1 Introduction

With the introduction of “motion capture” devices to the consumer market, users have experienced many new ways to interact with computer systems. One of the first of such systems was the Nintendo Wii, which utilized an infrared emitter in the form of a “sensor bar” and an IR receiver in a separate remote. Users moved the remote relative to the IR receiver in order to interact with items on-screen. One significant deficiency of this technology, however, is that the Wii senses only the remote and its movements, rather than the person himself.

As this and similar motion capture technology has progressed, systems have become smaller and more self-contained. Most recently, a gesture sensor called the “Leap Motion controller” (Fig. 1) was released. It uses both optical sensors and infrared light to detect a user’s hands. The controller sits flat on a table, with the sensors pointing up, creating a range of detection in the shape of an inverse pyramid extending up to 600 mm and encompassing a field of view of approximately 150 degrees. The system interprets data from the sensors alongside an internal model of a human hand to determine the position and orientation of a user’s hand.

Fig. 1.
figure 1

The Leap Motion controller is capable of collecting physical and gesture properties of a user’s hands.

This type of 3D hand gesture motion capture allows for biometric authentication based on two different factors: hand geometry and hand gestures. A large body of literature addresses both hand geometry and hand gesture based authentication, but very little considers gestures in the third dimension, or 3D motion capture devices. In addition to these two types of biometric features, the Leap Motion can also monitor human interactions with a computer, so that it can authenticate both statically, that is, only when access is requested, and dynamically, or continuously, in which identity is continuously verified during device use.

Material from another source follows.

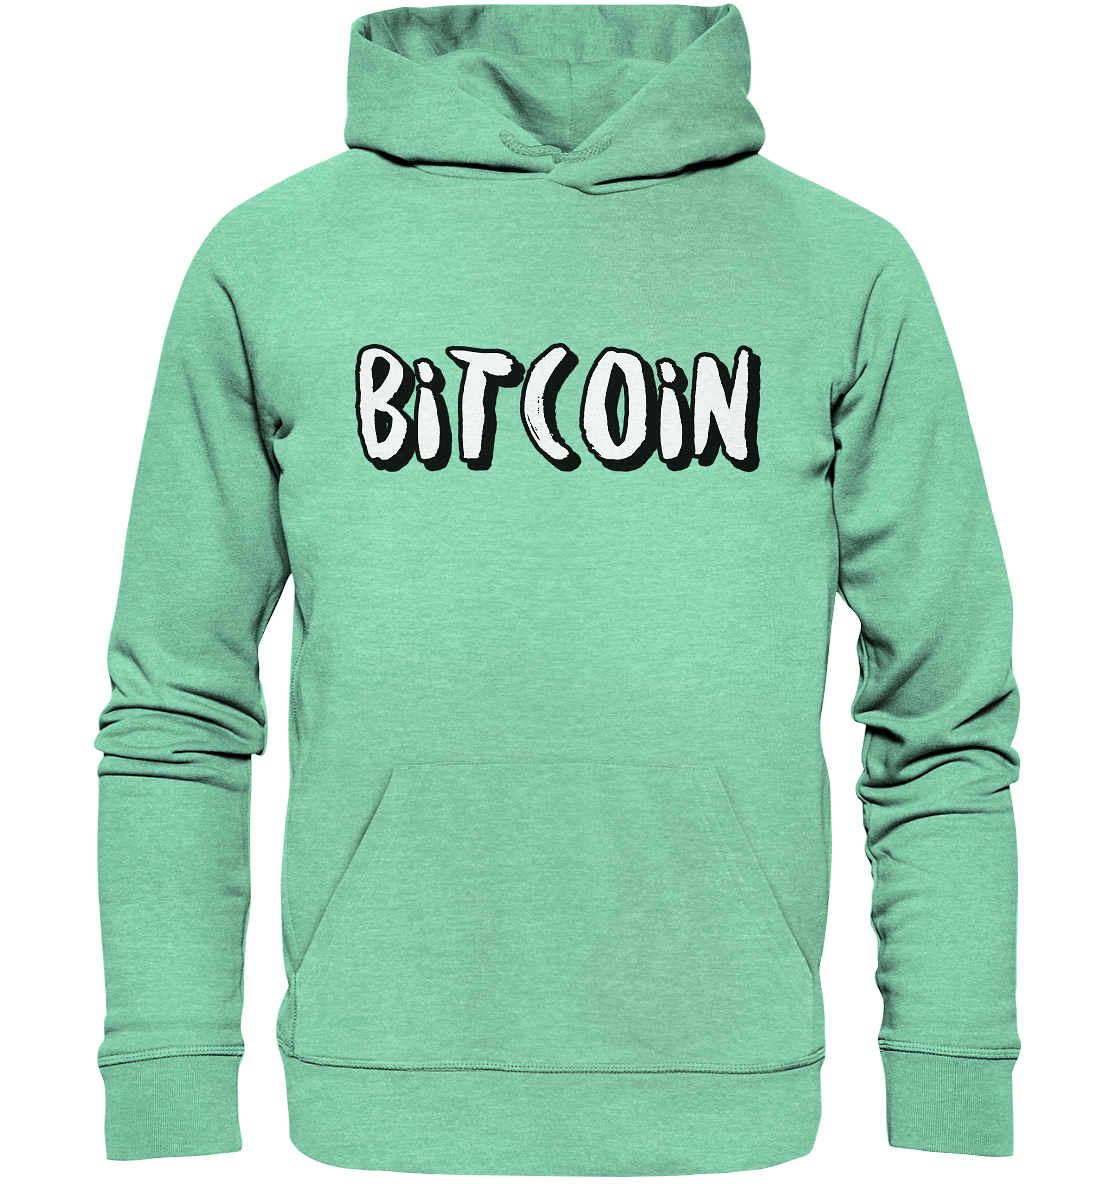 Bitcoin "typo 1"  - Organic Hoodie

In this study, we assess the feasibility of a 3D gesture device, the Leap Motion controller, for static and continuous authentication based on hand geometry and gestures. Section 2 elaborates on related work and Sect. 3 discusses the features and specification of the Leap Motion controller. Section 4 describes our approach, Sect. 5 presents our results, and Sect. 6 concludes.

2 Related Work

Hand geometry has long been known to be unique among individuals and has already been used as a biometric [7]. Commercial systems, such as the Schlage HandKey, require a user to place his hand around a series of pegs, while a camera takes an image. Such systems measure a set of 30 typical features. That include only physical geometries, and not other physical identifiers such as fingerprints, palm prints, or other markings on the hand.

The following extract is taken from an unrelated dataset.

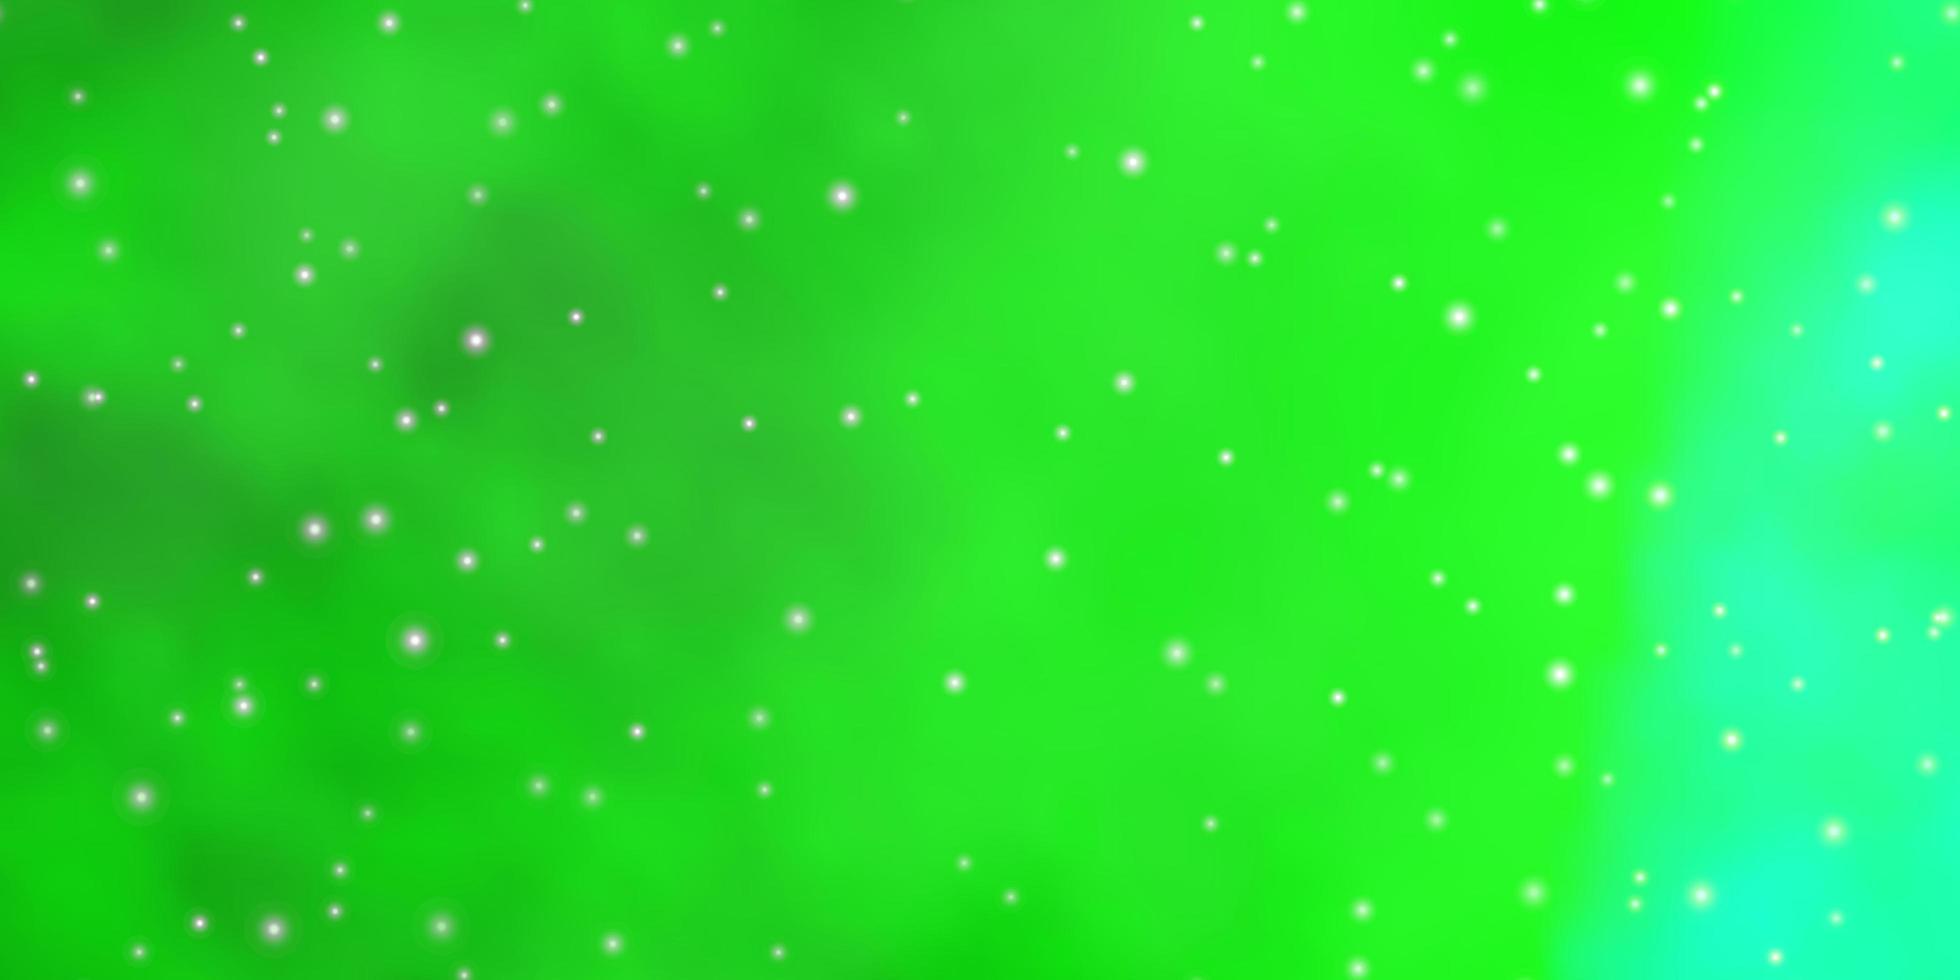 ljusgrönt vektormönster med abstrakta stjärnor. vektor

In addition to simple hand geometry, gesture behavior has been explored on touchscreens and touchpads in both static and continuous contexts [2, 5, 8, 9]. Angulo determined that in a static context, the time taken in drawing a pattern lock contains enough unique information for authentication. Training required drawing at least 250 keystrokes, which makes this method less applicable in a real life situation [5]. Sae-Bae showed that touch gestures are unique to each person, and can authenticate users [9]. In a continuous context, it was also shown that gestures meant for interacting with a device can also authenticate [8]. A Hidden Markov model was shown to be able to ease training while still supporting a high accuracy [2]. In addition, it was shown that a random forest classifier provided the highest identification accuracy, which is supported by other studies regarding gesture data [1]. We apply this work to a 3D gesture device, using a random forest classifier.

3 Leap Motion Controller

The Leap Motion controller is a consumer 3D gesture sensor. Using both optical sensors and infrared light, it detects hand gestures and positions for a novel method of human-computer interaction. Its detection range is in the shape of an inverse pyramid, extending up to 600 mm with a field of view of approximately 150 degrees. Beginning with the v2 Leap software, authentication both receives and interprets data from sensors and compares such data to an internal model of a human hand in order to determine accurately the position and orientation of a user’s hand.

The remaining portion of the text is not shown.